SOURCE DATA -

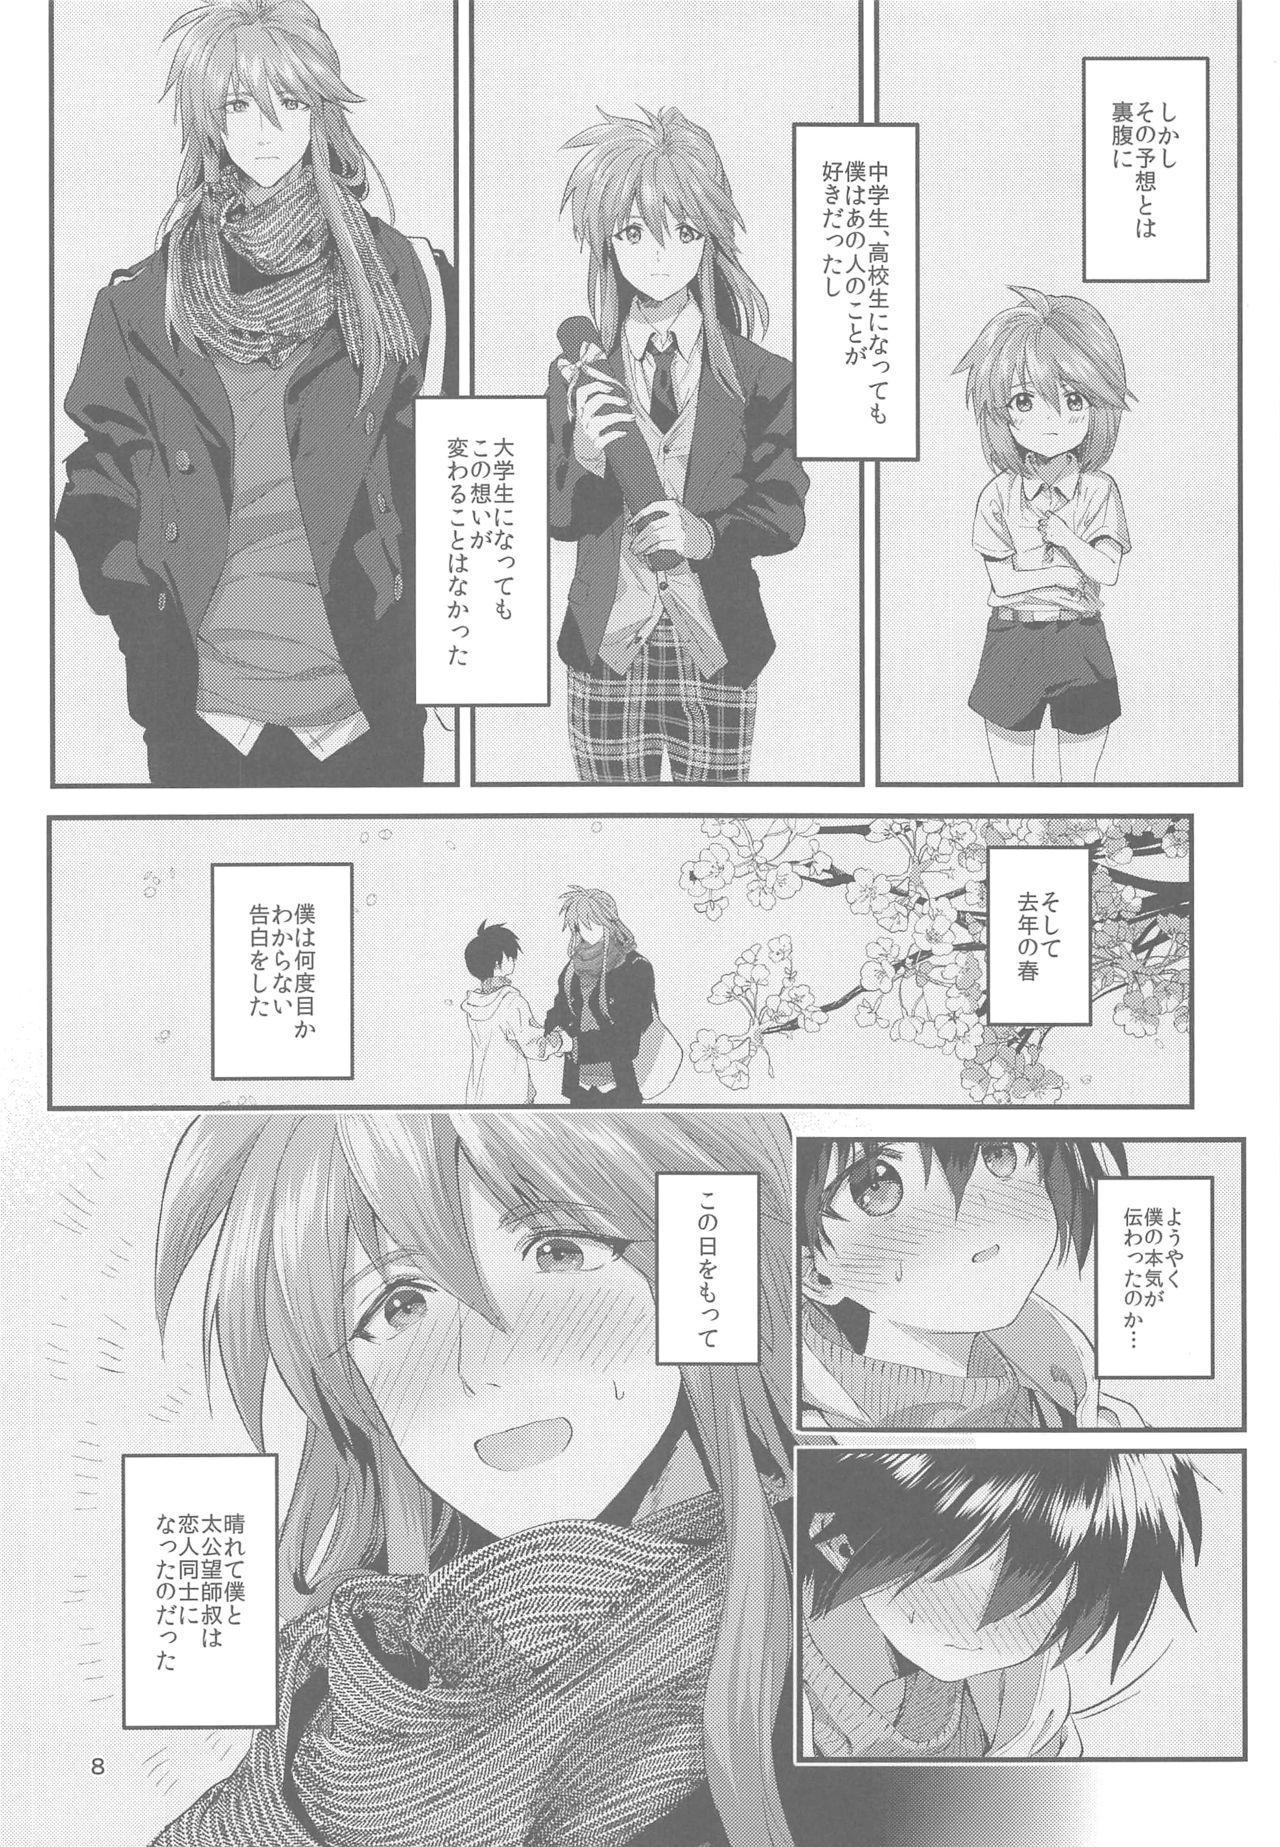 Anata ni Deaeta Shiawase ni 6
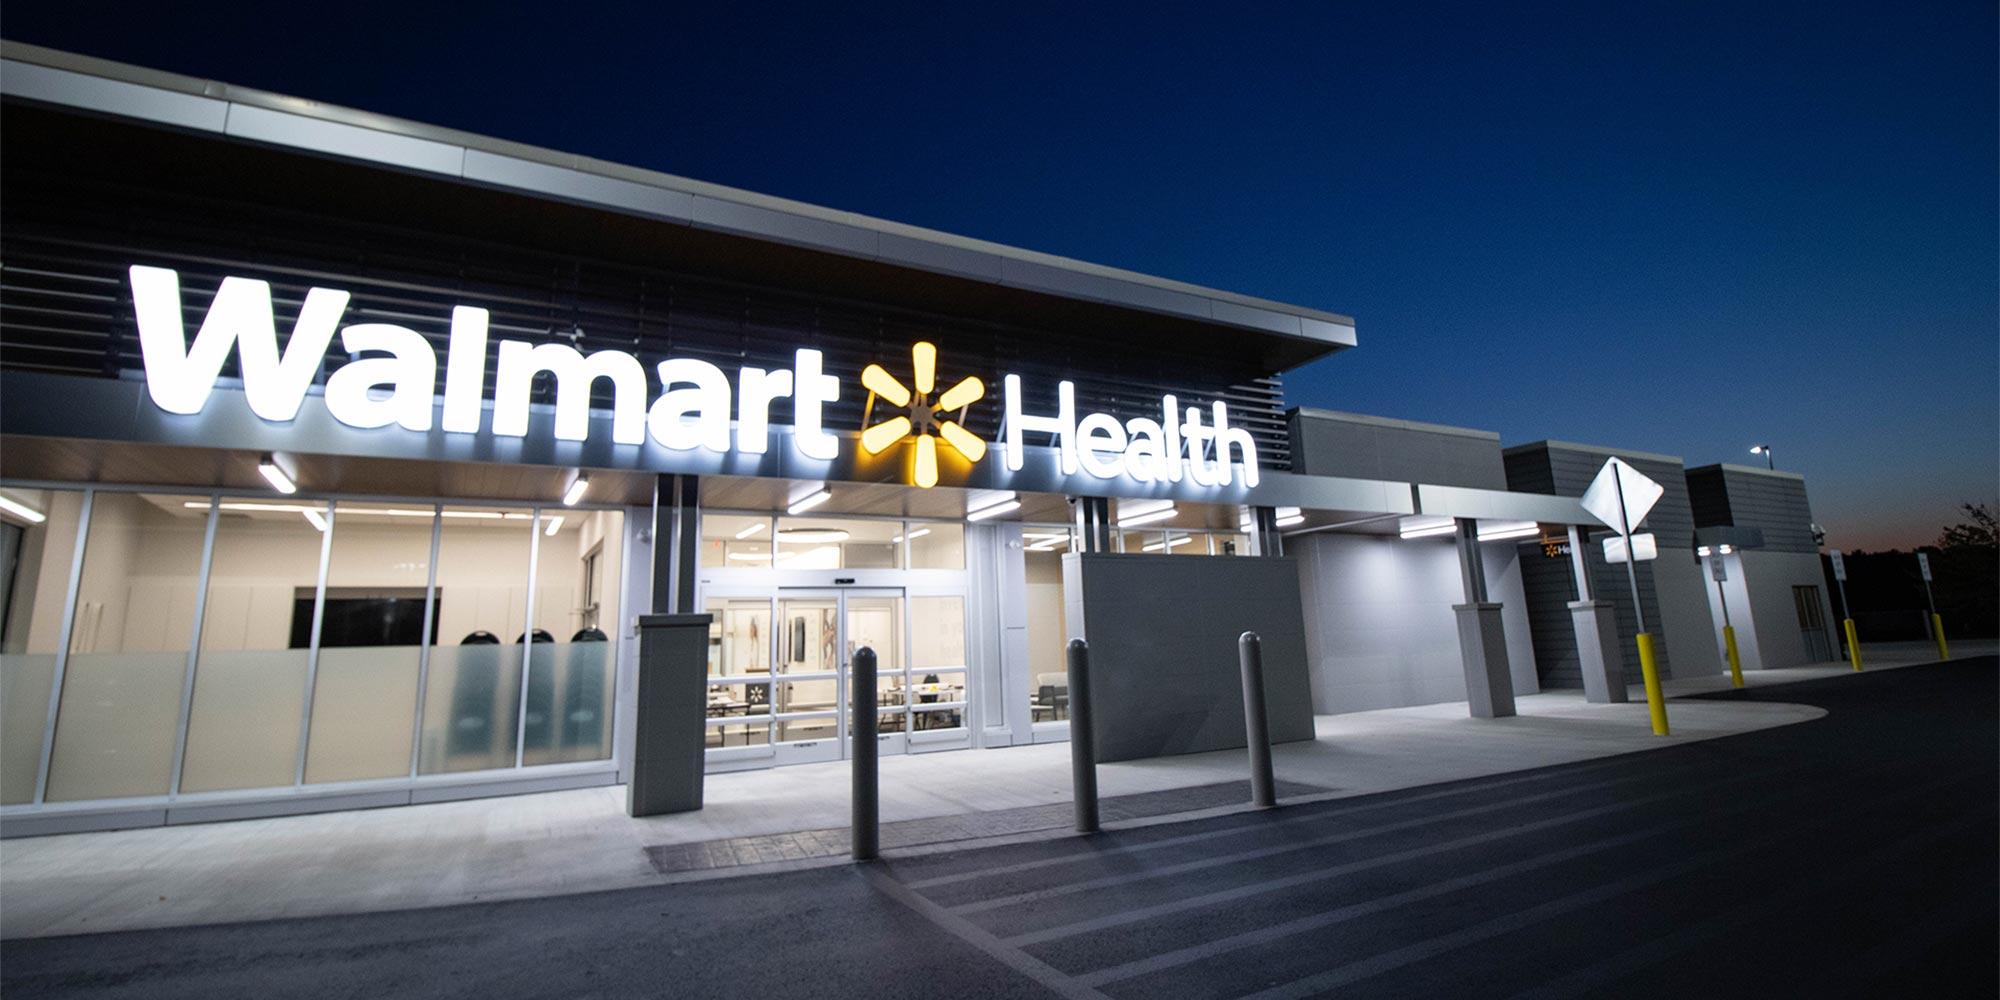 Walmart verkauft bald auch Versicherungen
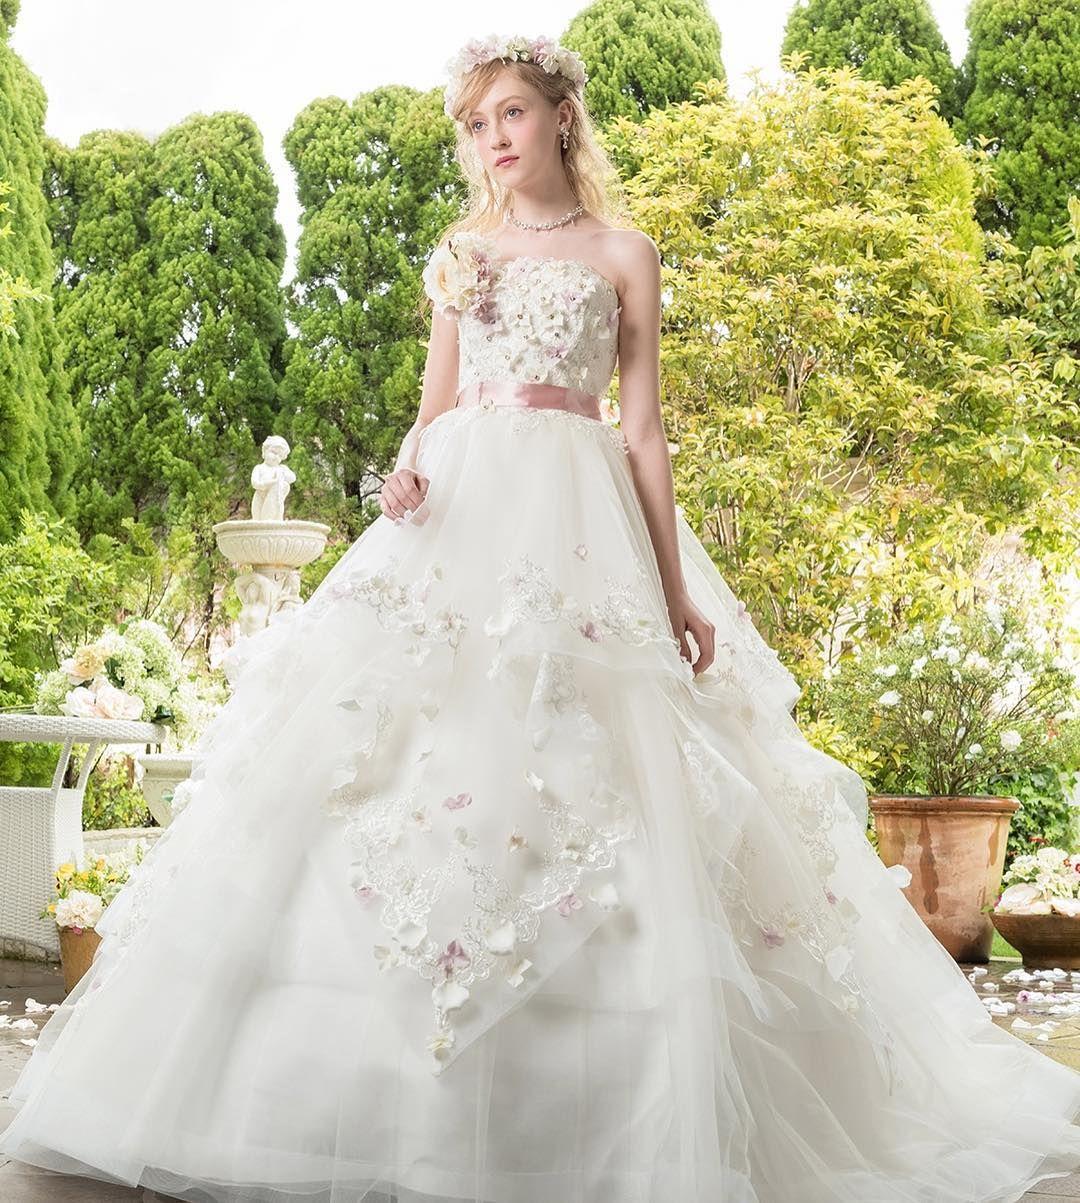 d07ddc309fa5c KR-0144 ふんわりフリルのウェディングドレスにピンクの花びらを散らしてロマンティックに *  結婚式 花嫁 ウェディング ウェディングドレス  カラードレス カクテル ...
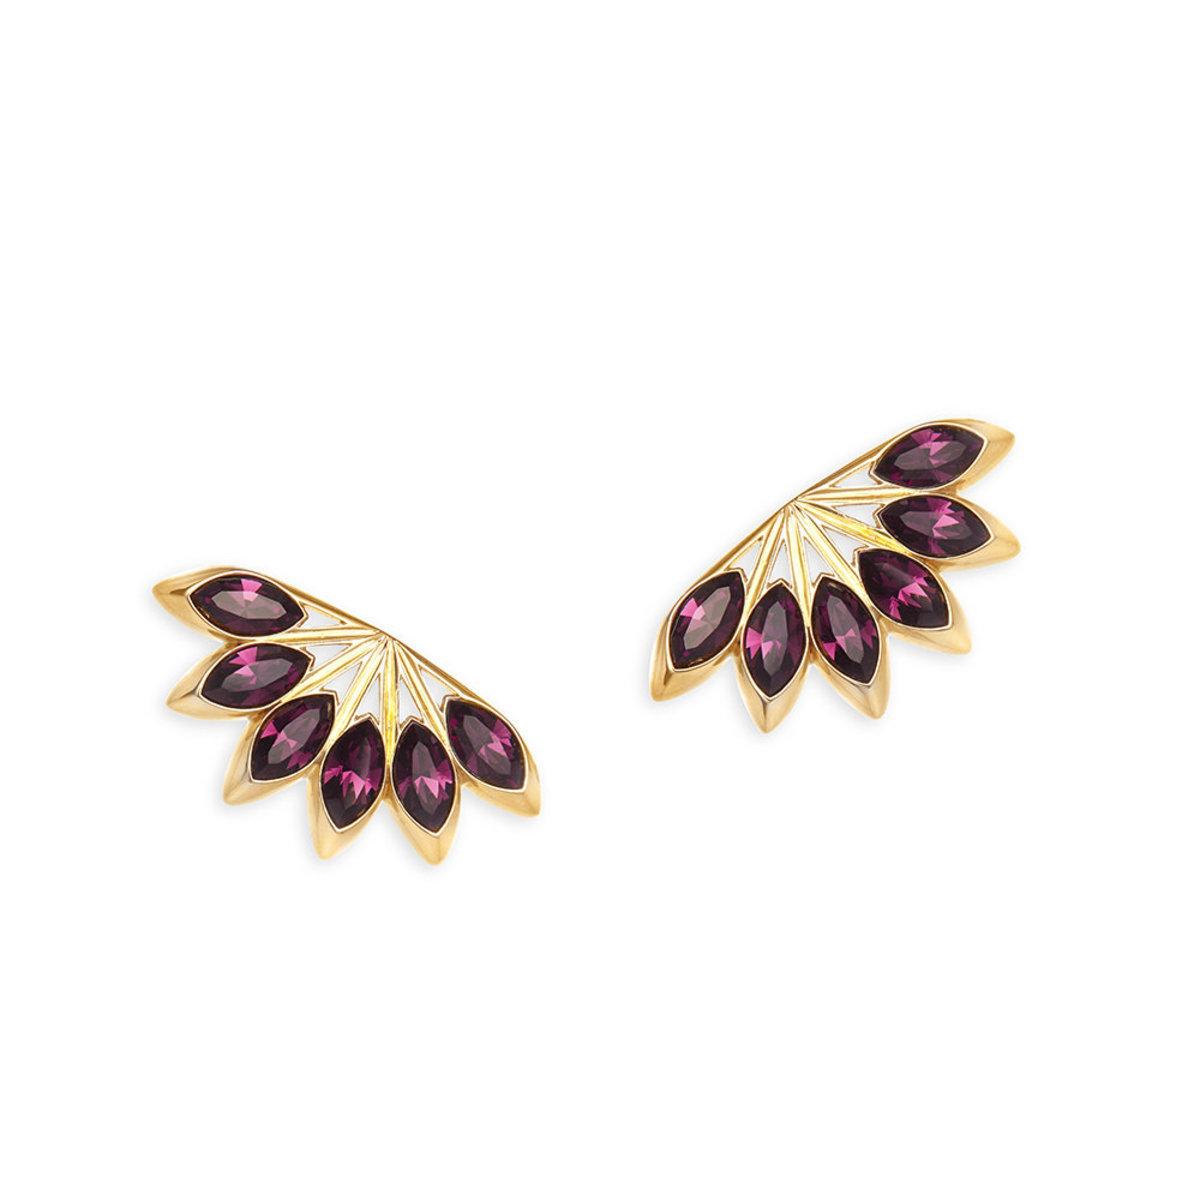 Ailes:gold plating, Swarovski amethyst crystal pierced earrings

WORK INSTRUCTION -
Each line from the one that holds "d07ddc309fa5c KR-0144 ふんわりフリルのウェディングドレスにピンクの花びらを散らしてロマンティックに" through the final line of the data must be retyped exactly; the pictures must not appear.

WRITTEN SOLUTION -
 d07ddc309fa5c KR-0144 ふんわりフリルのウェディングドレスにピンクの花びらを散らしてロマンティックに *  結婚式 花嫁 ウェディング ウェディングドレス  カラードレス カクテル ...
 Ailes:gold plating, Swarovski amethyst crystal pierced earrings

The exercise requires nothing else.